* _Collected data_
Segment Open

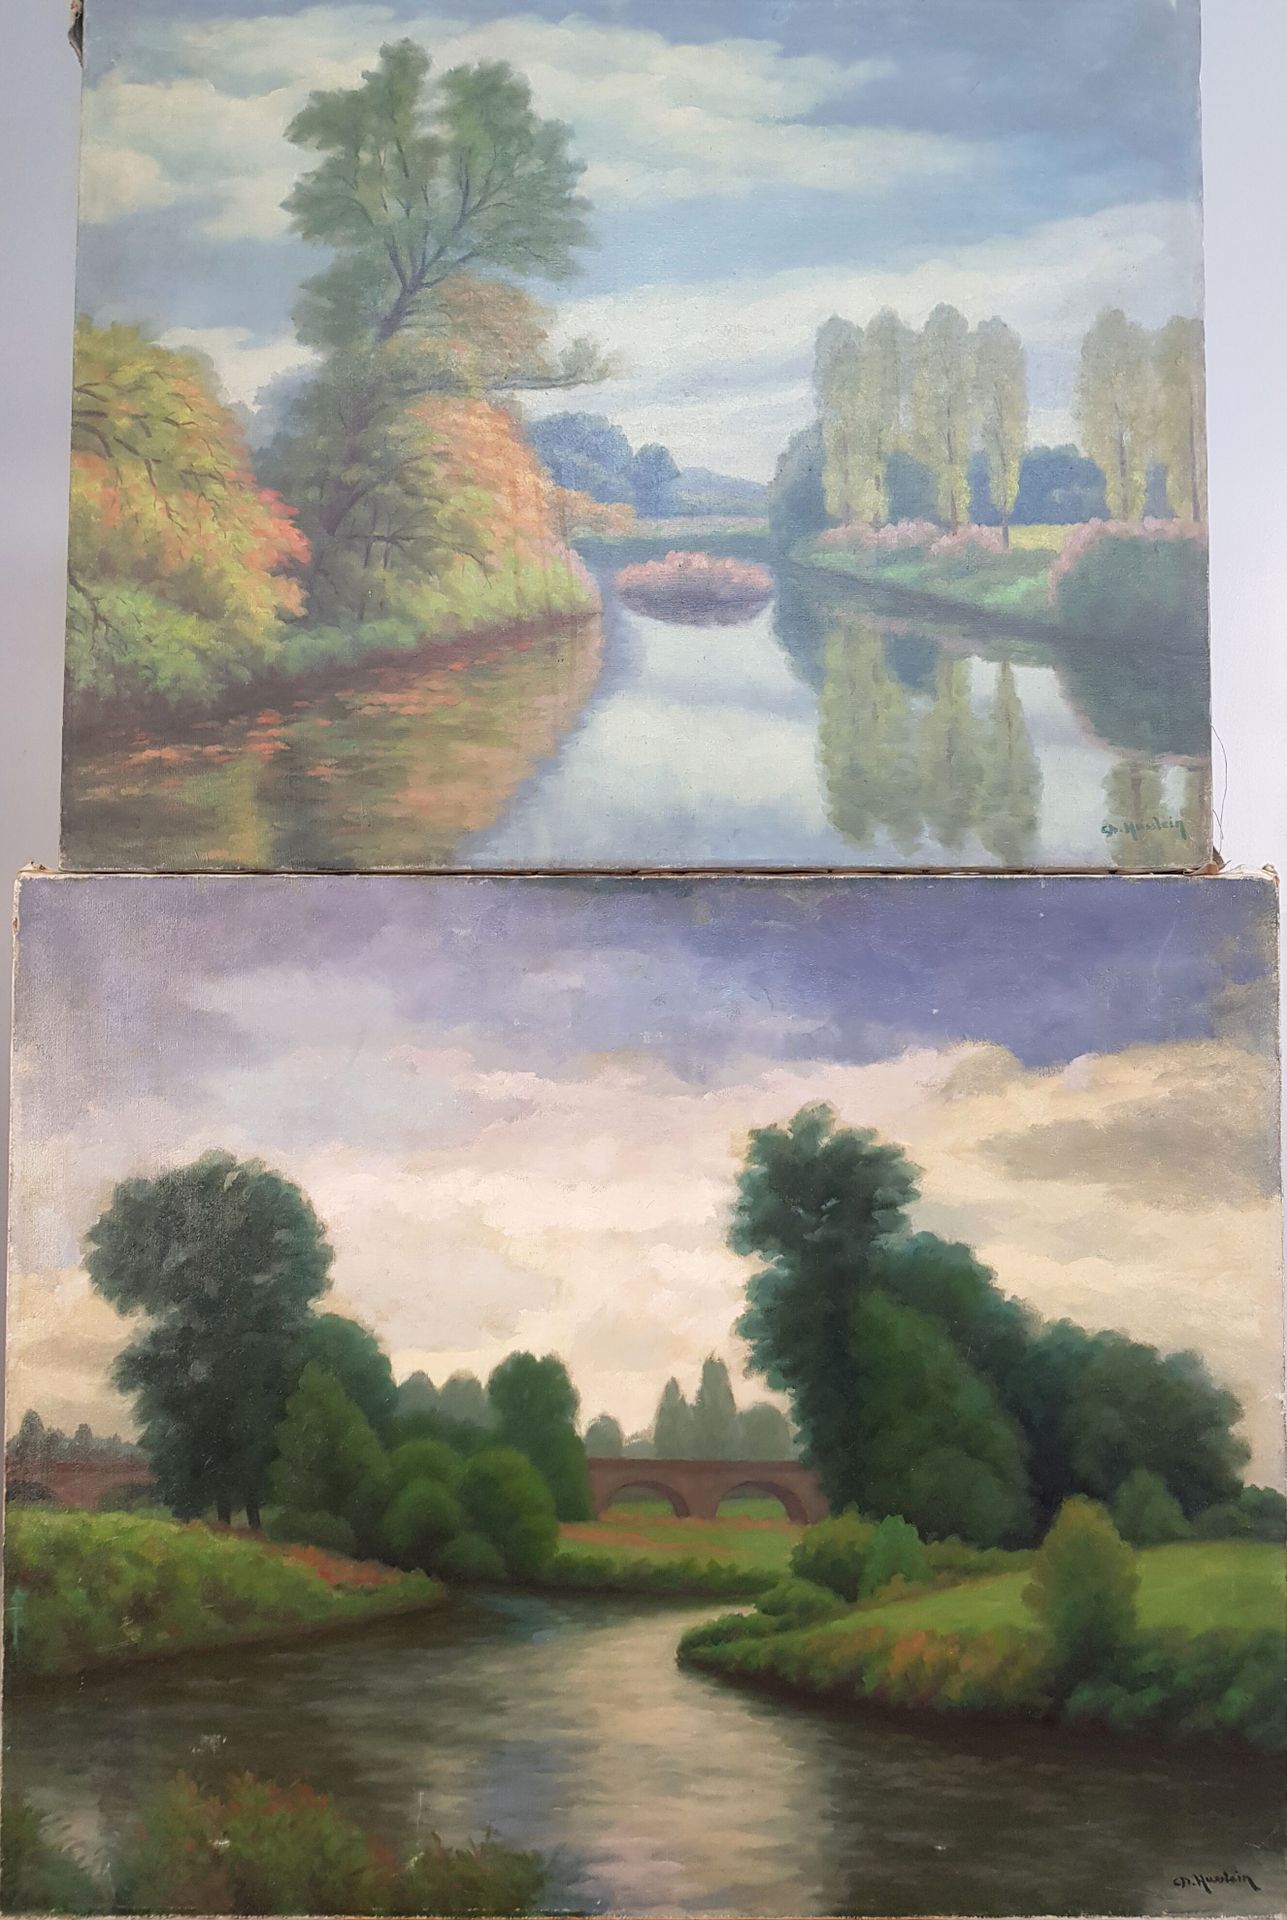 DEUX OEUVRES formant pendant : 
- Charles HUSSLEIN (1894-1971) 
"Paysage du Ried&hellip;

Segment Closed

* _Task instructions_
Exact copies of the lines from the one containing "- Charles HUSSLEIN (1894-1971)" through the end of the listing, both included, are the only thing wanted.

* _Expected answer_
- Charles HUSSLEIN (1894-1971) 
"Paysage du Ried&hellip;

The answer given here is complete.